Plaza Cinema
- Interactive map of Plaza Cinema
- Location: NC Kelkar Rd, Dadar, Mumbai, India
- Capacity: 880
- Type: Cinema Hall
- Public transit: Dadar

Construction
- Opened: 1935; 91 years ago

= Plaza cinema, Mumbai =

Cinema in Dadar, Mumbai, India

Plaza is a single-screen cinema hall in the Dadar locality of Mumbai, Maharashtra. It has a single screen and a capacity of 880 seats.

In the 1930s, the cinema was bought by Sakharam Govindji Keni from a Parsi owner. A 2005 Times of India reports informs that V. Shantaram trust sold their rights to run the cinema to Himani & Co., and that Kiran Shantaram, V. Shantaram's son and a trustee of the V. Shantaram trust was the general manager of the cinema.
Kiran Shantaram is a former sheriff of Mumbai and the head of the Asian Film Foundation.

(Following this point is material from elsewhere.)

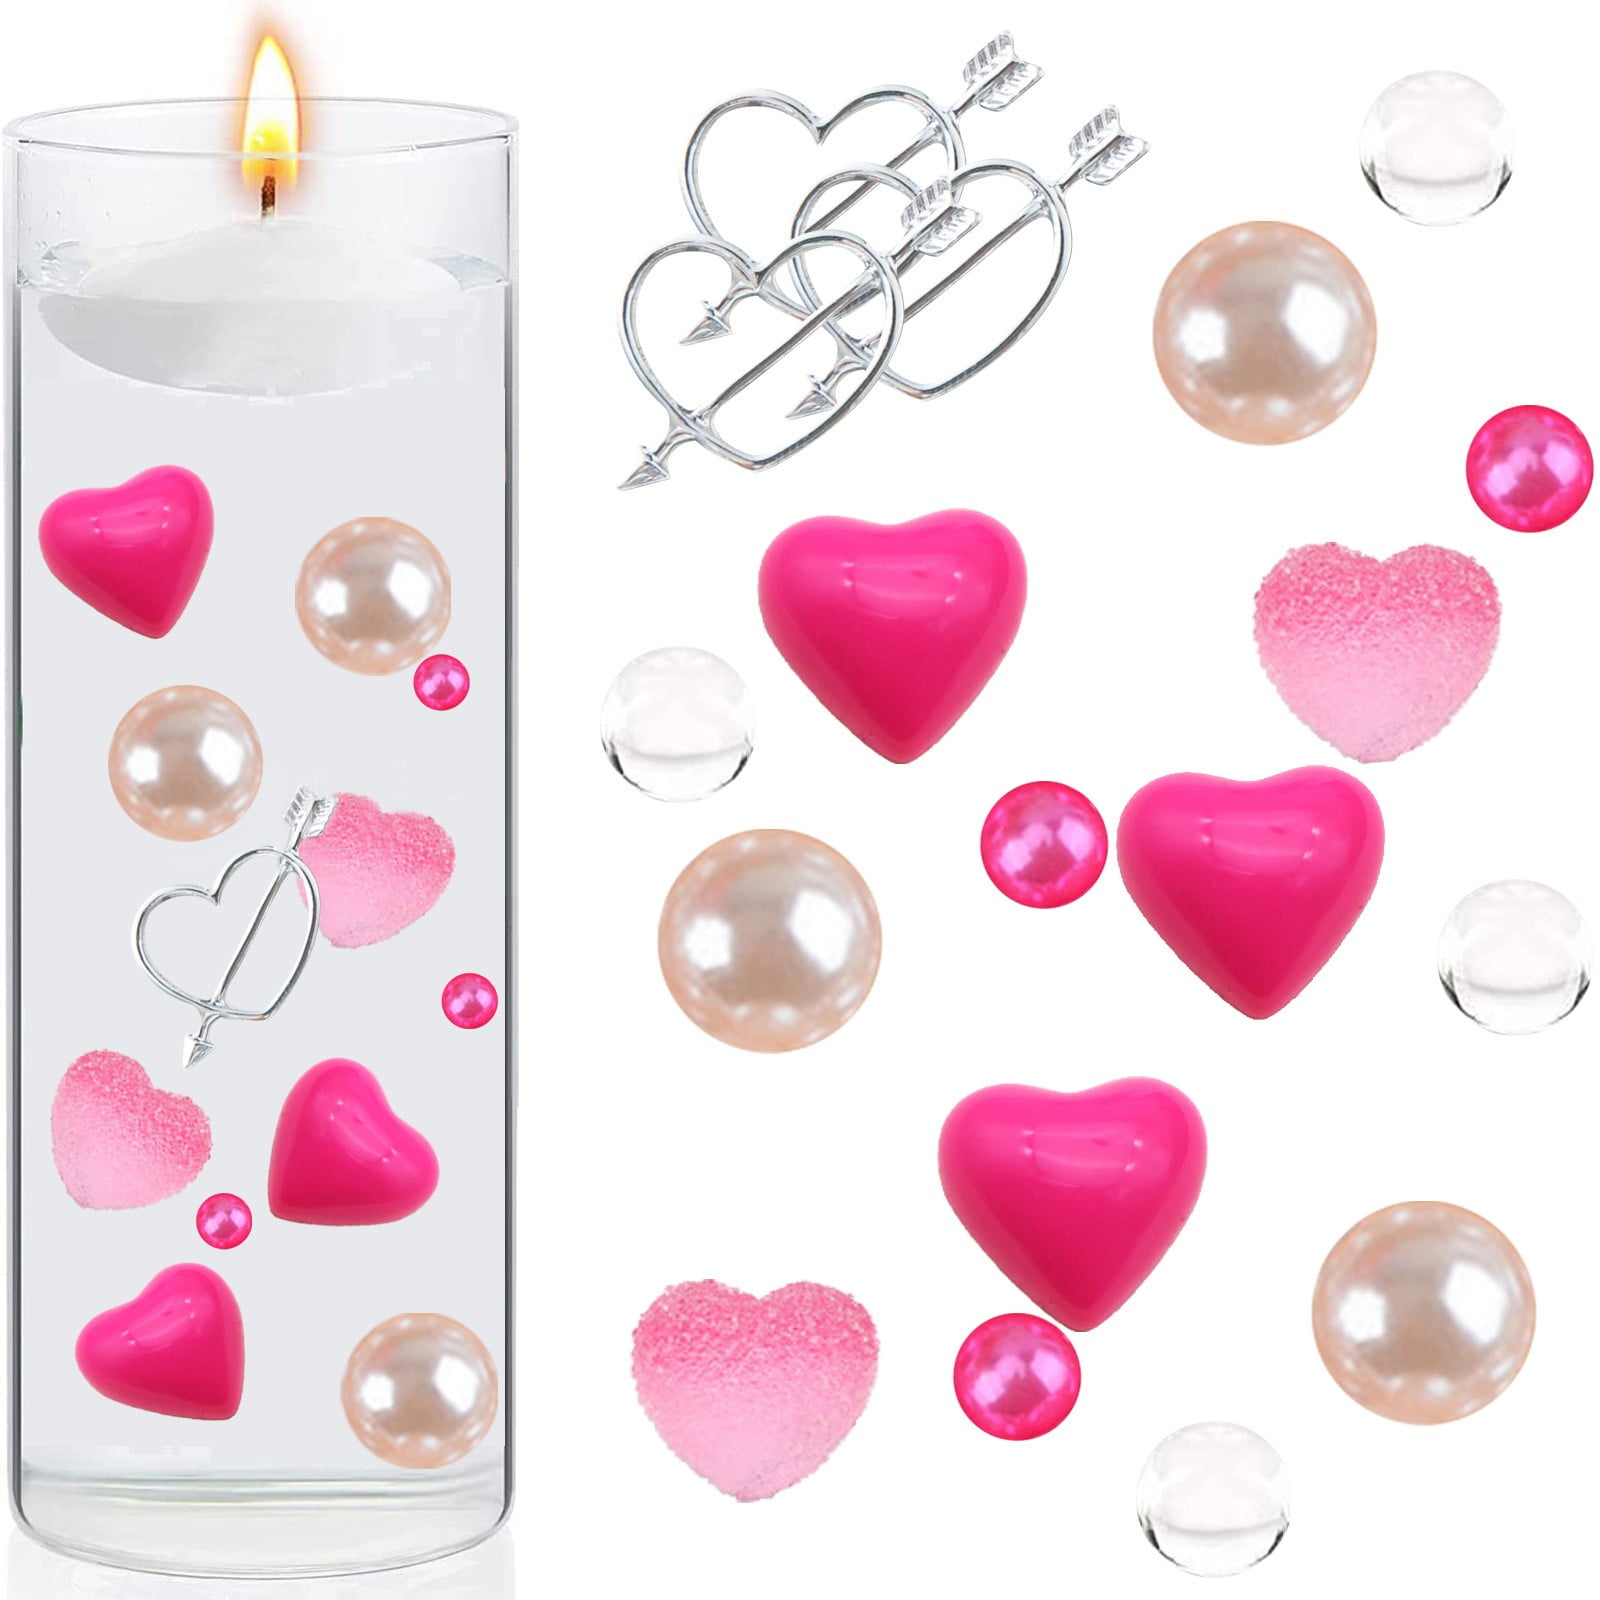 gel candle pink modern  wedding,party,valentine,birthday,centerpiece,homedecor

The Plaza was one of the three cinema halls screening films in the seventh Asian Film Festival.
It is an important theatre for the screening of Marathi cinema.
According to Marathi film critic Amit Bhandari, it "is not a mere theatre but the reflection of aspirations of more than three generations of actors... Marathi theatre has given stalwart character artistes to both Marathi and Hindi movies. From Neelu Phule, Shreeram Lagu, Bhakti Barve, Nana Patekar, Reema Lagu, to Laxmikant Berde, Makarand Anaspure and many others — they have all stood outside the Shivaji Mandir drama theatre gates and looked across the street at Plaza hoping to see their faces smiling down from the hoardings..."

The cinema was one of the 13 places where bomb blasts occurred in Mumbai on 12 March 1993. 10 persons died and 37 were injured. This blast occurred at 3.13 PM. The Nana Patekar, Raaj Kumar movie Tirangaa was playing at the hall. The movie started at 3.00 pm a little after the earlier show had finished. There were 881 spectators in the hall. Shantaram later recalled that had the bomb gone off during the change over there would have been hundreds of casualties.